GSHI receives funding for SHAWNA Project: Examining social, policy and gender gaps in sexual health and HIV/AIDS care for women living with HIV

GSHI has received a 5 year grant from CIHR to launch the SHAWNA Project (Sexual Health and HIV/AIDS: Women's Longitudinal Needs Assessment) focused on the social, policy, and gender gaps in women's sexual health and HIV care across Metro Vancouver. SHAWNA is a collaboration with a diverse team of researchers, community, legal and policy experts and peers from the affected community of women living with HIV/AIDS (WLWH): including Positive Women's Network, BC Women's Hospital/ Oak Tree, BCCDC, Aboriginal Health Research Program at UVIC, YouthCo. AIDS Society, Canadian HIV/AIDS Legal Network, Pivot Legal Society and WISH Drop-In Centre Society, among others.

Recent evidence suggests an increasing number of new HIV infections among women in BC and across Canada. Moreover, the sexual and reproductive health needs of WLWH have been largely overlooked, despite that many WLWH, including in Canada, are living with or intending to have children.

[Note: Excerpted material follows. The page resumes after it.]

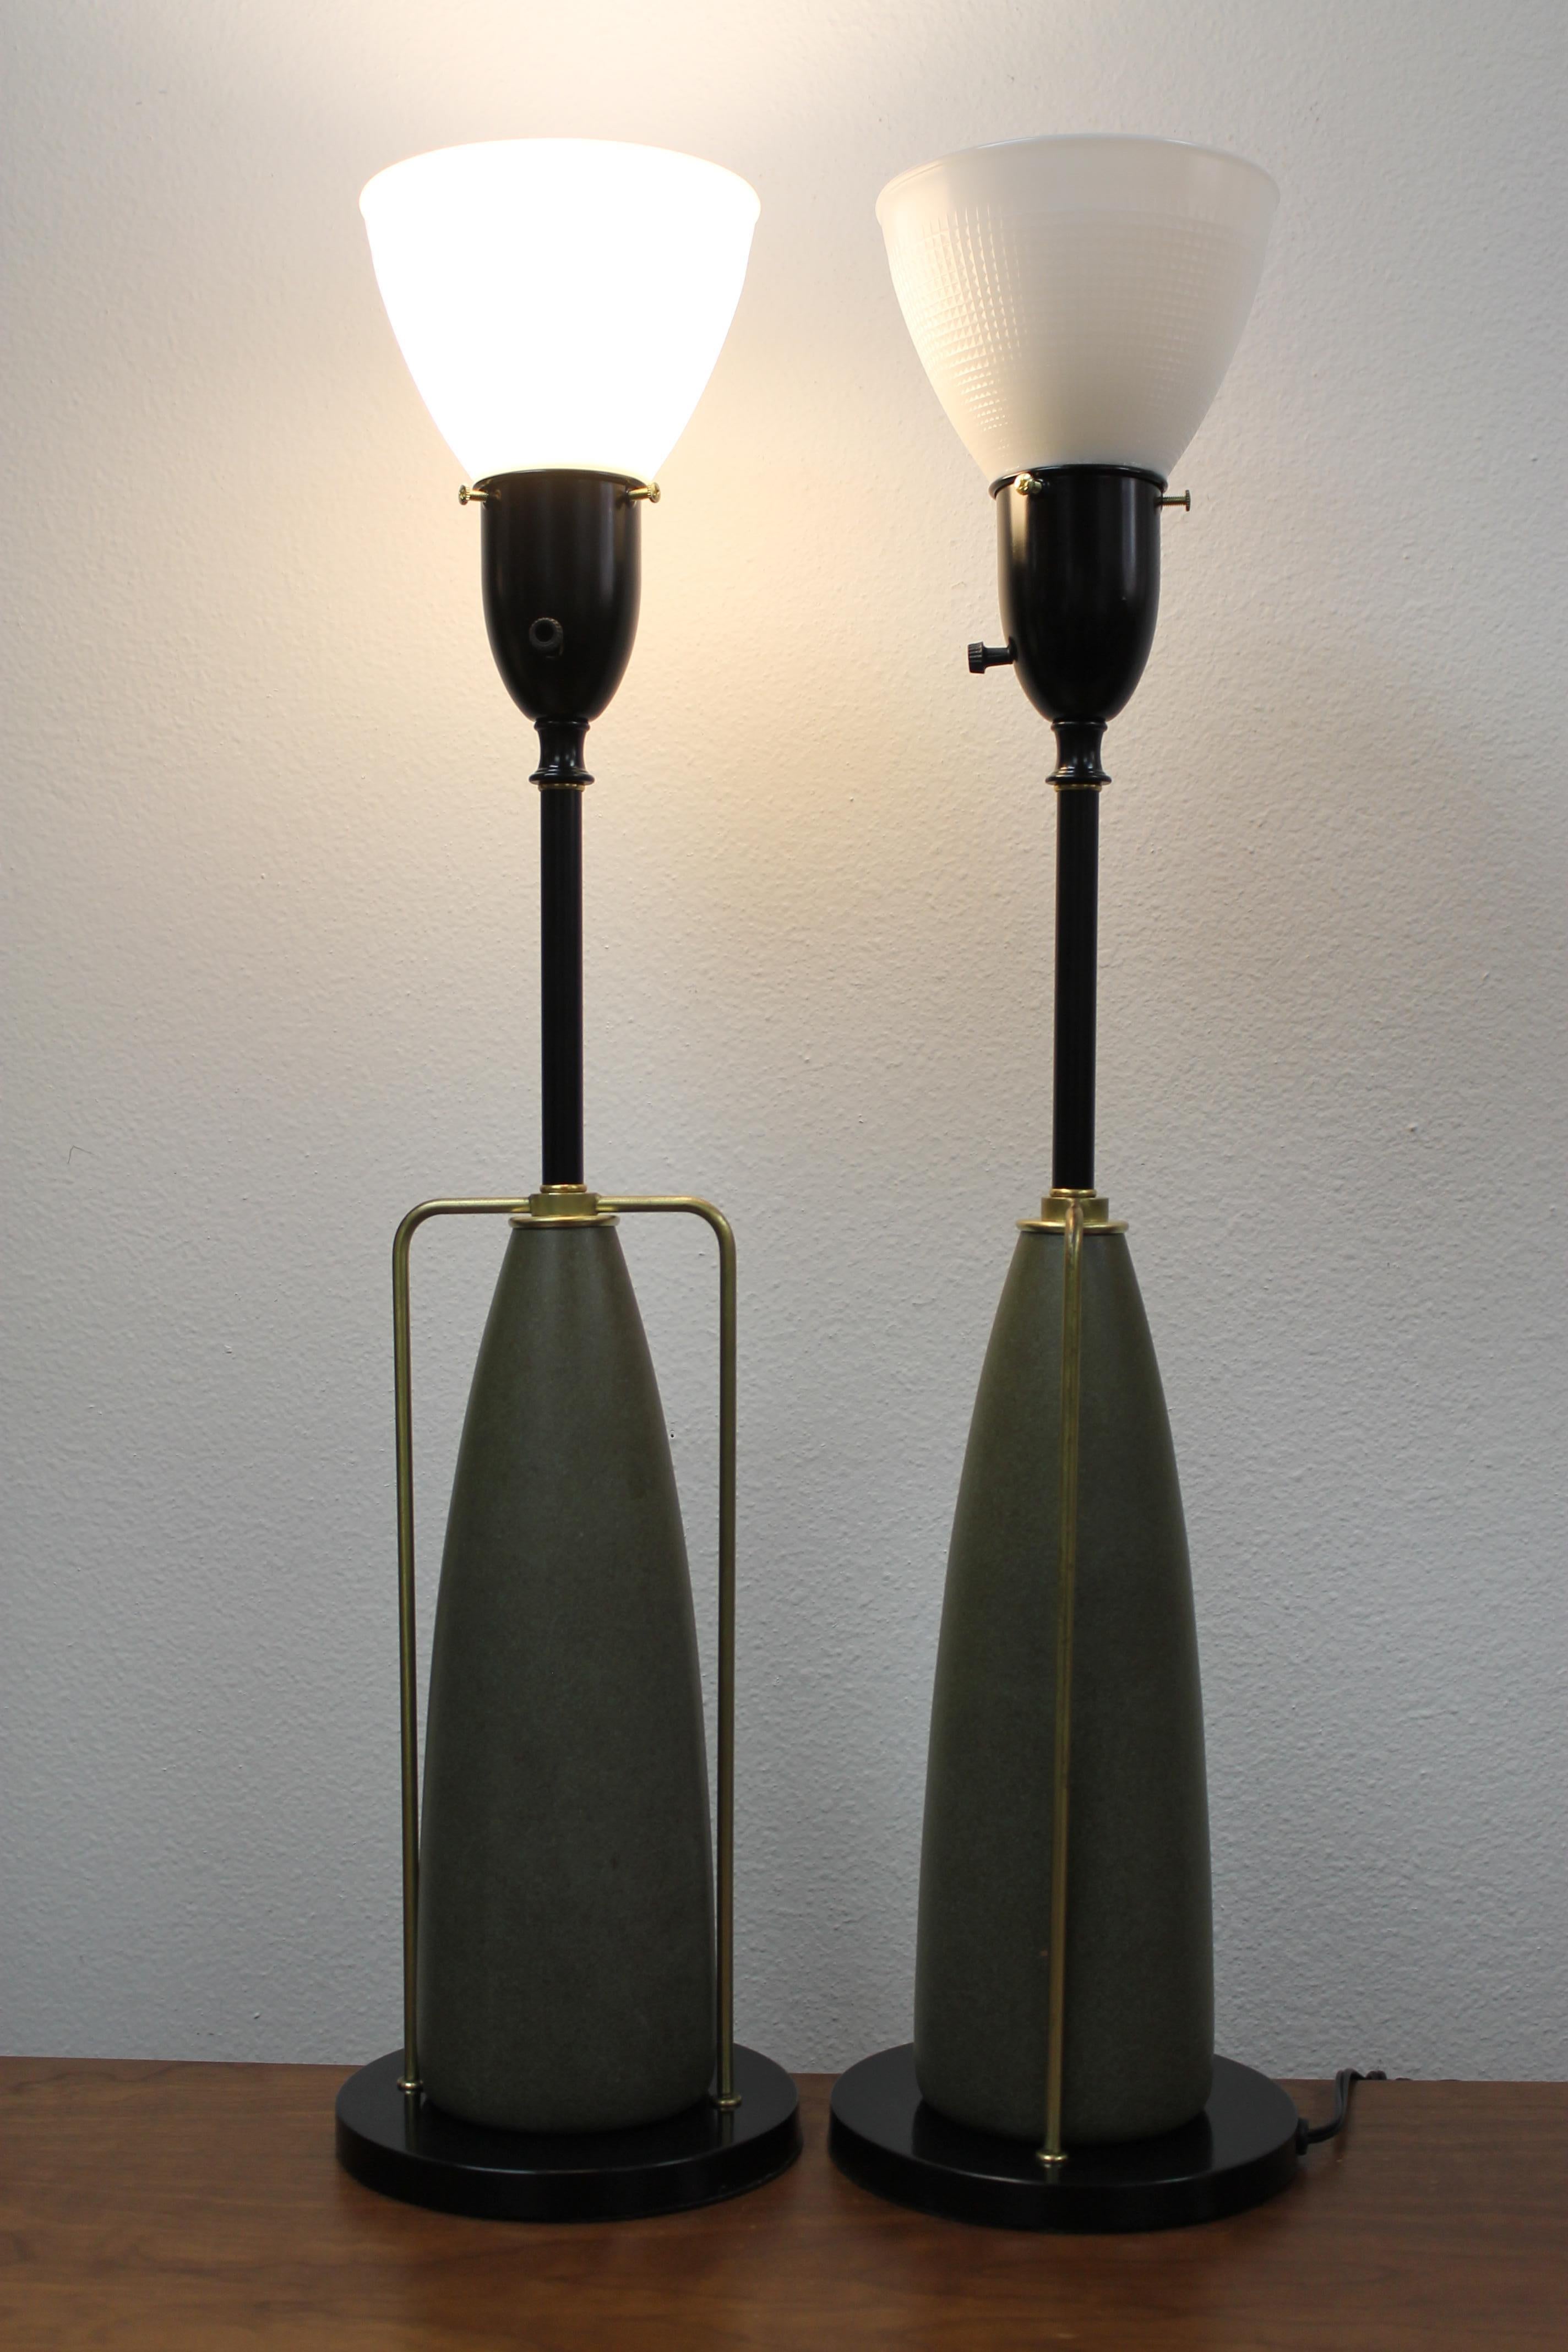 Pair of table lamps by the Rembrandt Lamp Company. The painted wood cones are accented by brass rod supports. Lamps are 7” diameter and 29” high from base to the top of glass globe. Lamps have been professionally refurbished and rewired for 3-way
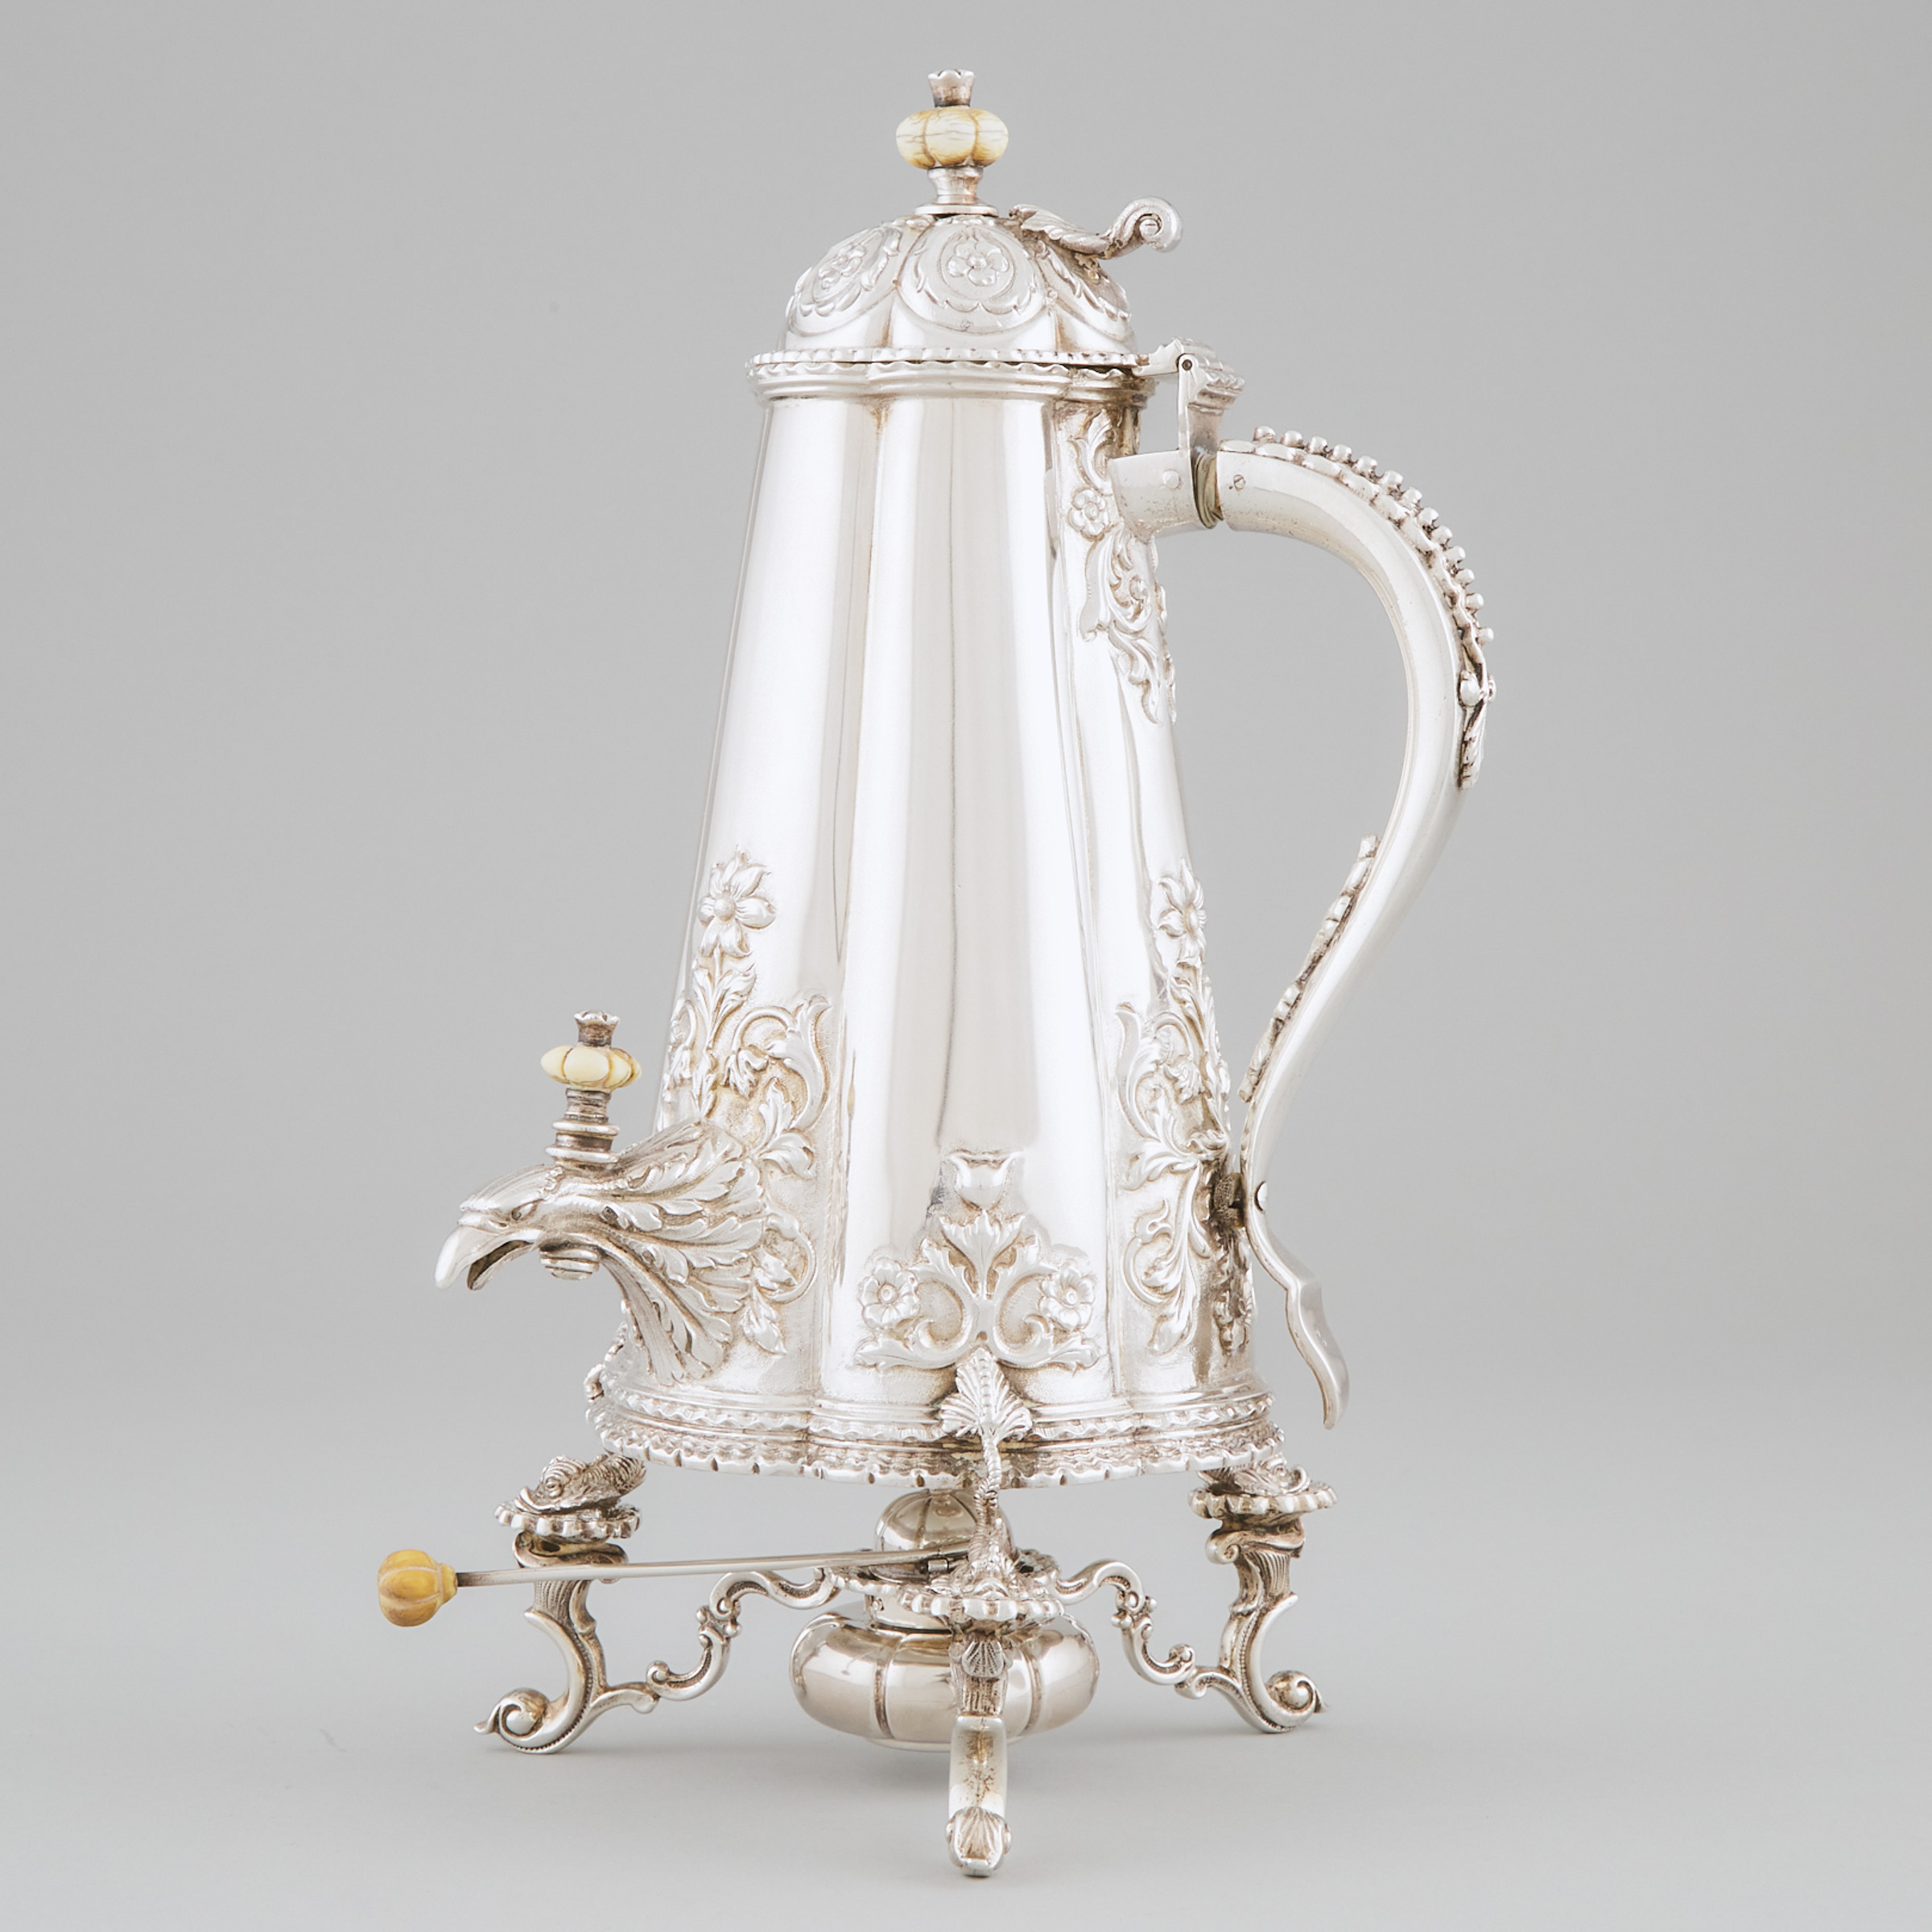 Portuguese Silver Tea Urn on Lampstand,

To date, while there is a large body of research on the individual behavioural, biological, and clinical factors that shape HIV care outcomes, we know far less about the role that laws, policies, gender, stigma, and geography play in shaping access and uptake of HIV care continuum and sexual and reproductive health for WLWH. This is of particular concern, given calls for women-centered sexual health and HIV care and growing concerns of the role of criminalization of HIV non-disclosure and its potential negative effects on women's experiences with HIV care.

Given limited studies conducted over time, SHAWNA aims to interview and follow 500 WLWH in Metro Vancouver, Canada over the next five years. This study hope to create an evidence-base to inform improved women-centered sexual health and HIV care. Knowledge translation and exchange will be conducted throughout the study, which will play a key role in informing policy and programs that best promote women-centered sexual health and HIV care in BC, and can be replicated across Canada.